Recorded data:
Content starts
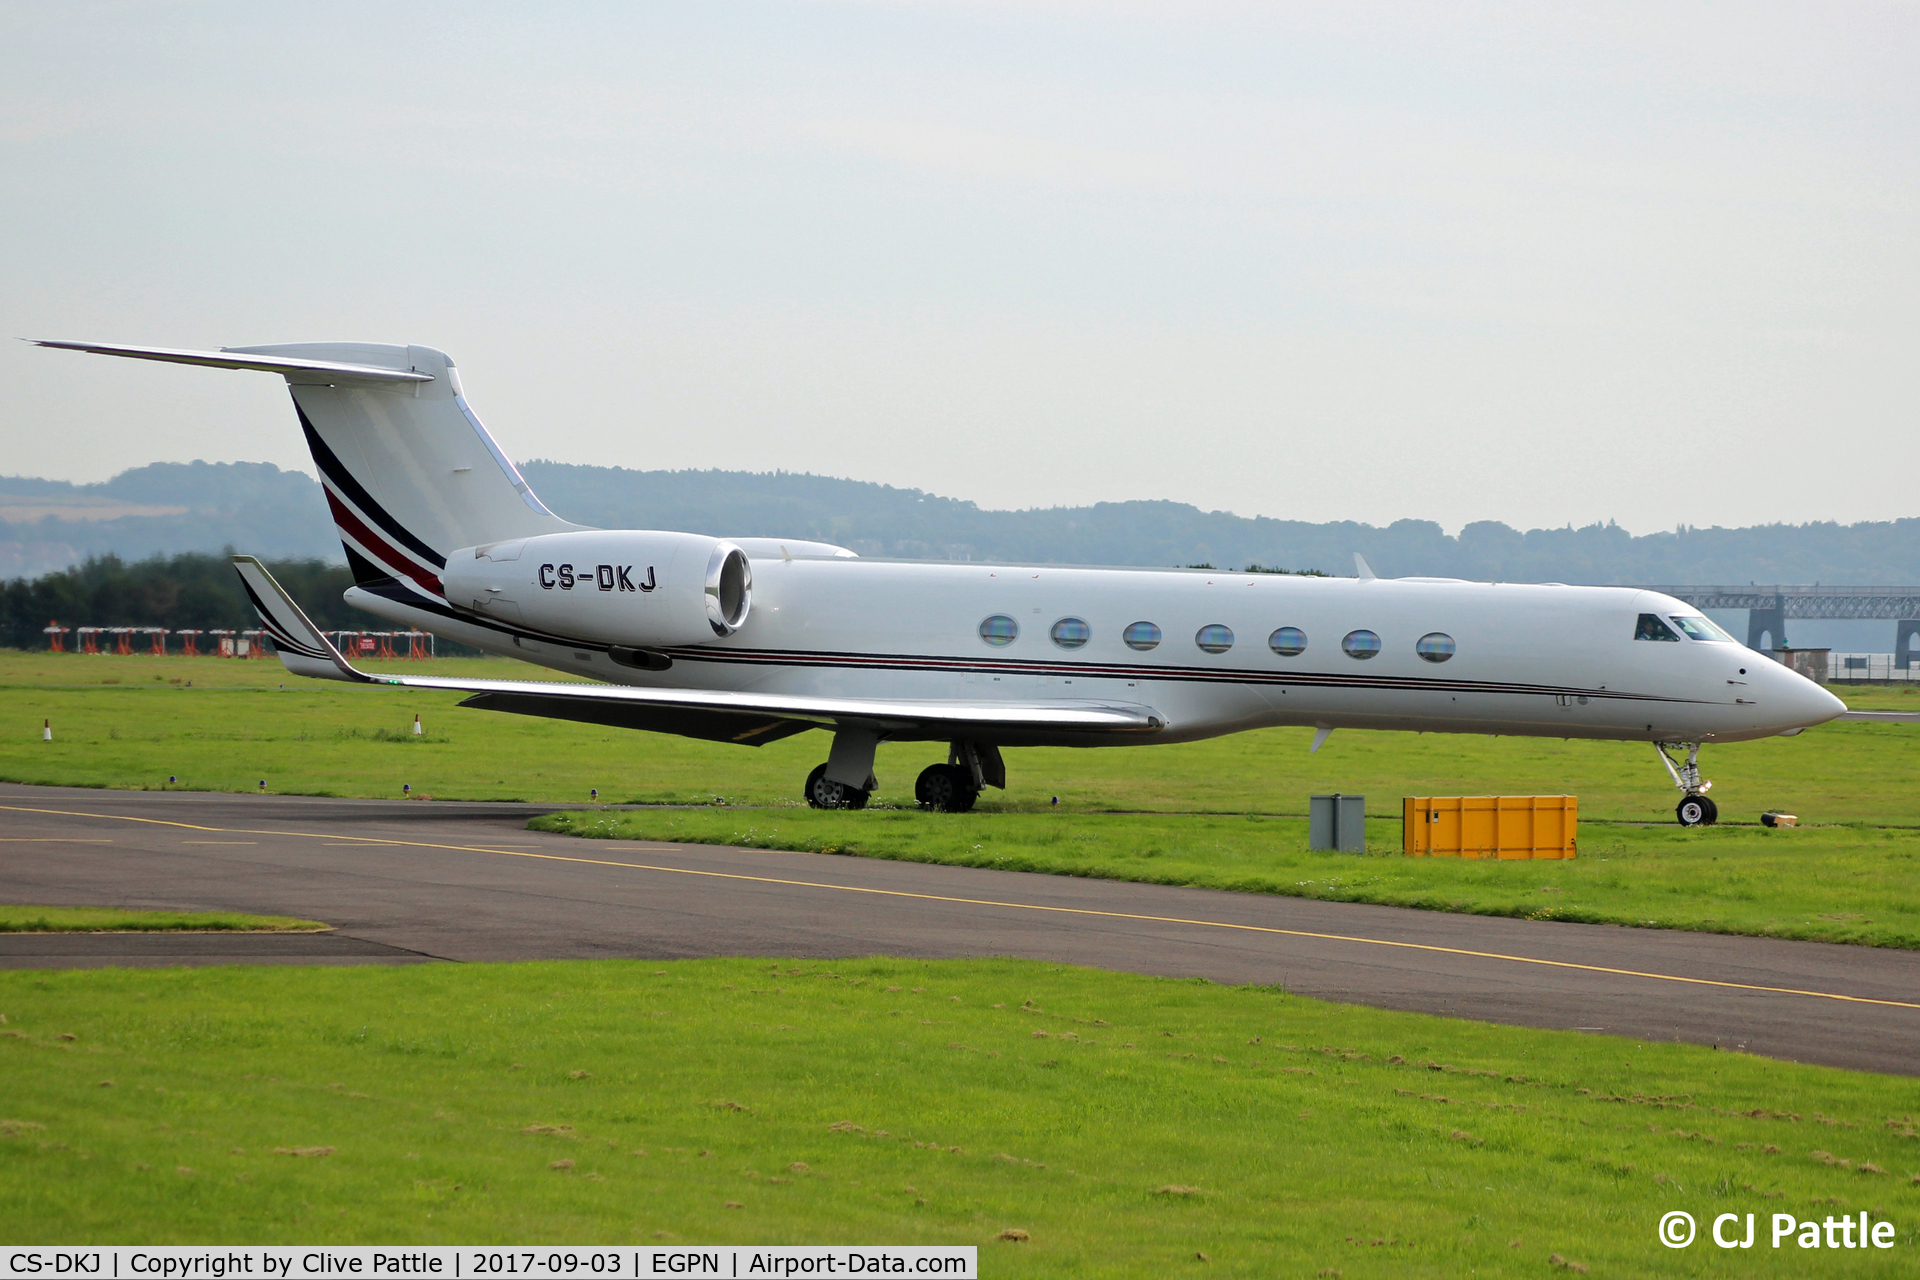 CS-DKJ, 2008 Gulfstream Aerospace V-SP G550 C/N 5174, Taxy out at Dundee
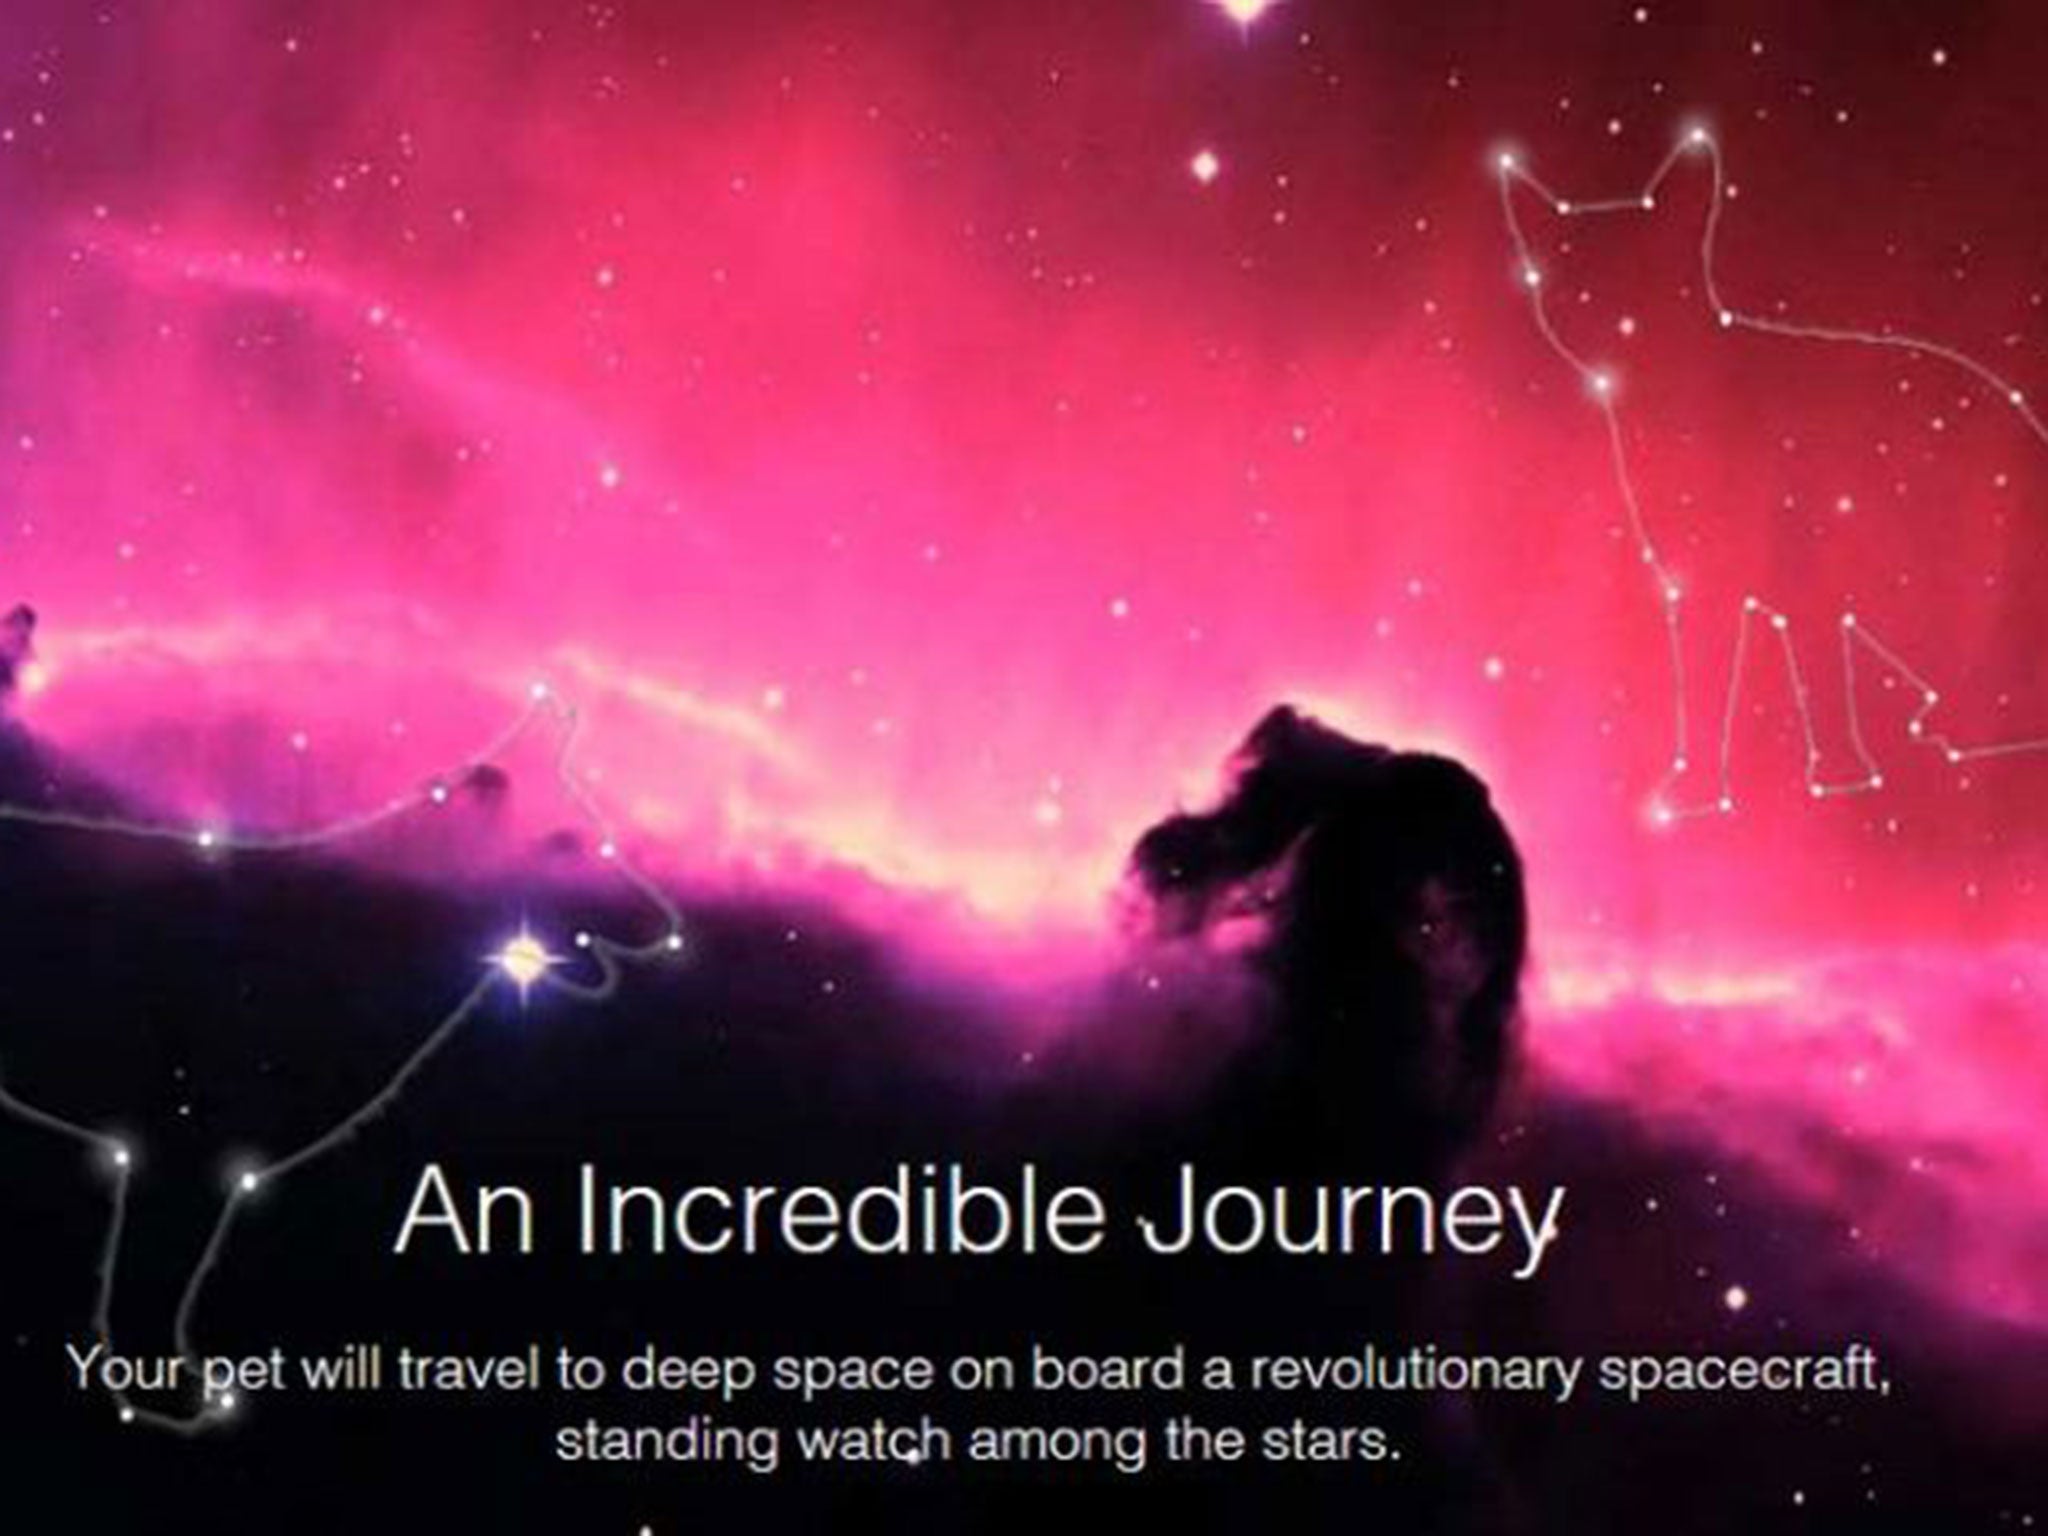 An advert tempting pet owners to send their furry loved ones into space
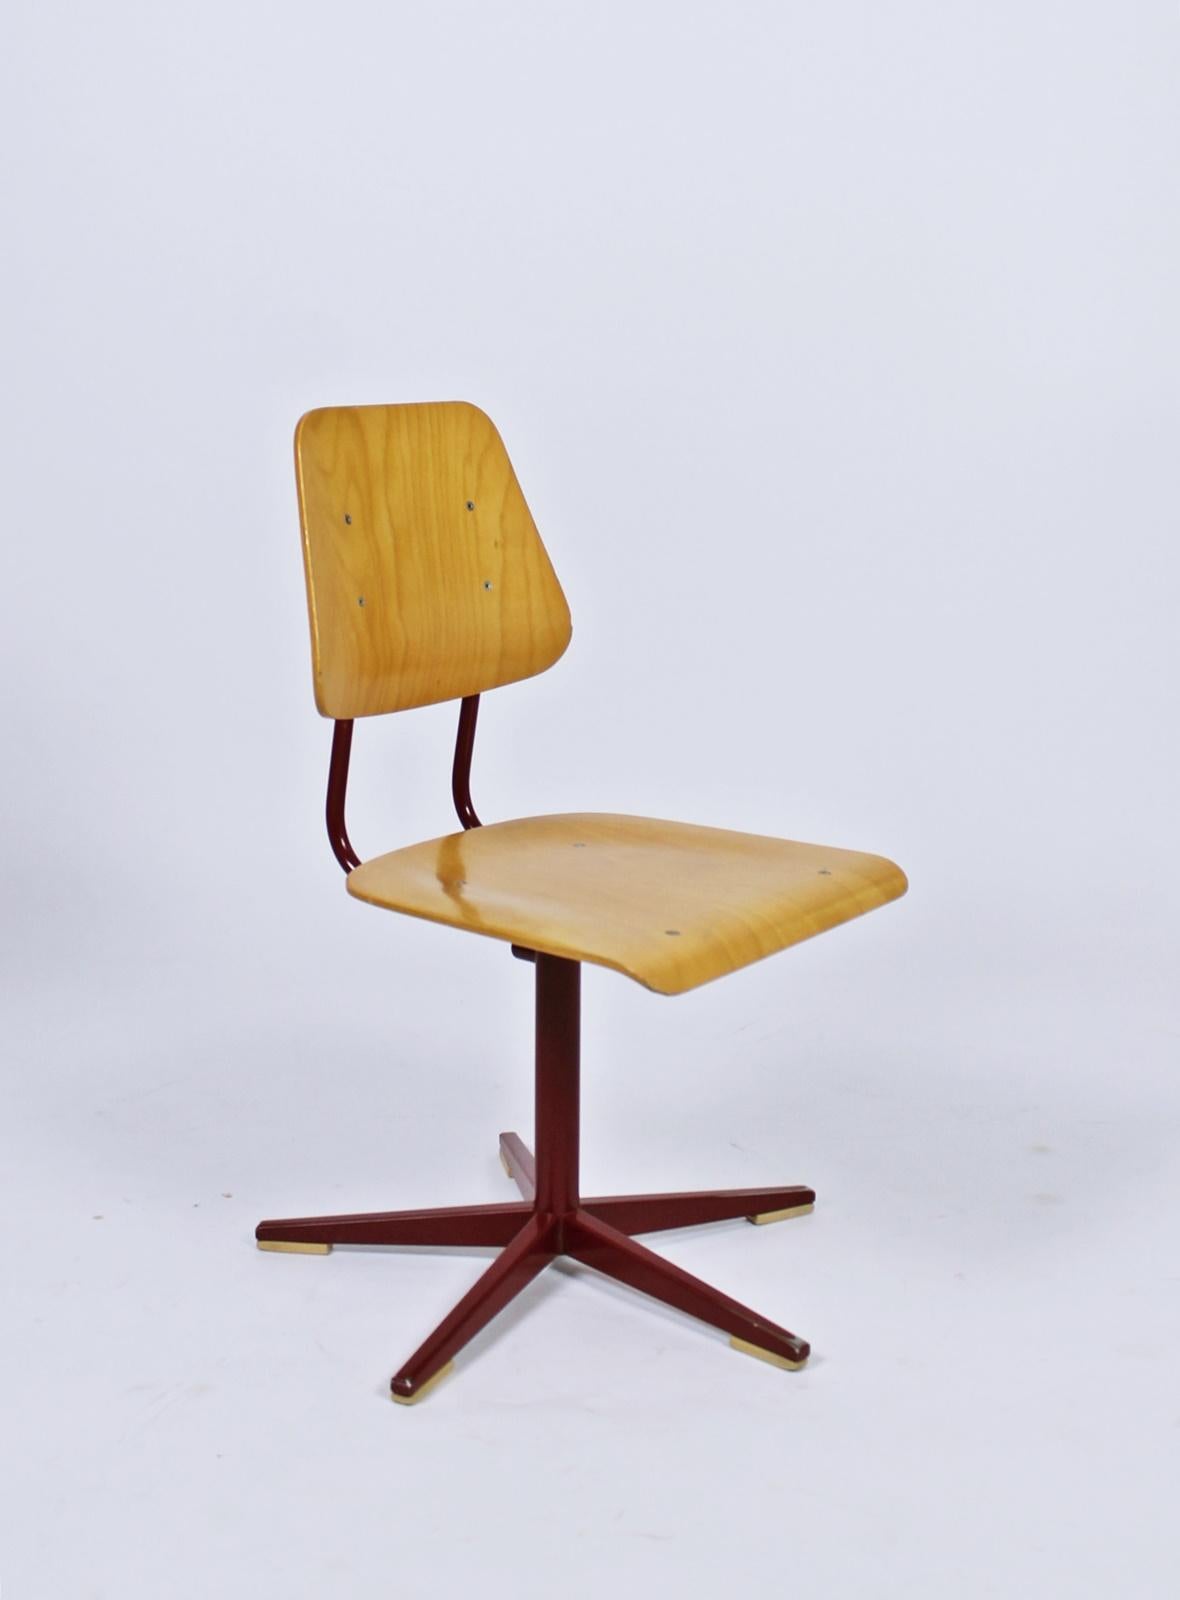 Vintage 1960s Swiss made Embru school chairs, made of plywood and enameled steel. With adjustable height. Five leg star base. Fully original condition.
Dimensions:
Height: 71-86 cm
Width: 37 cm
Depth: 45 cm
Seat height: 35-50 cm.
Content ends
#### TASK OBJECTIVE
Each line from the one containing "An advert tempting" through the end of the records above is to be retyped exactly, with the pictures omitted and nothing added.

#### RESULT OF THE EXERCISE
 An advert tempting pet owners to send their furry loved ones into space
 Vintage 1960s Swiss made Embru school chairs, made of plywood and enameled steel. With adjustable height. Five leg star base. Fully original condition.
Dimensions:
Height: 71-86 cm
Width: 37 cm
Depth: 45 cm
Seat height: 35-50 cm.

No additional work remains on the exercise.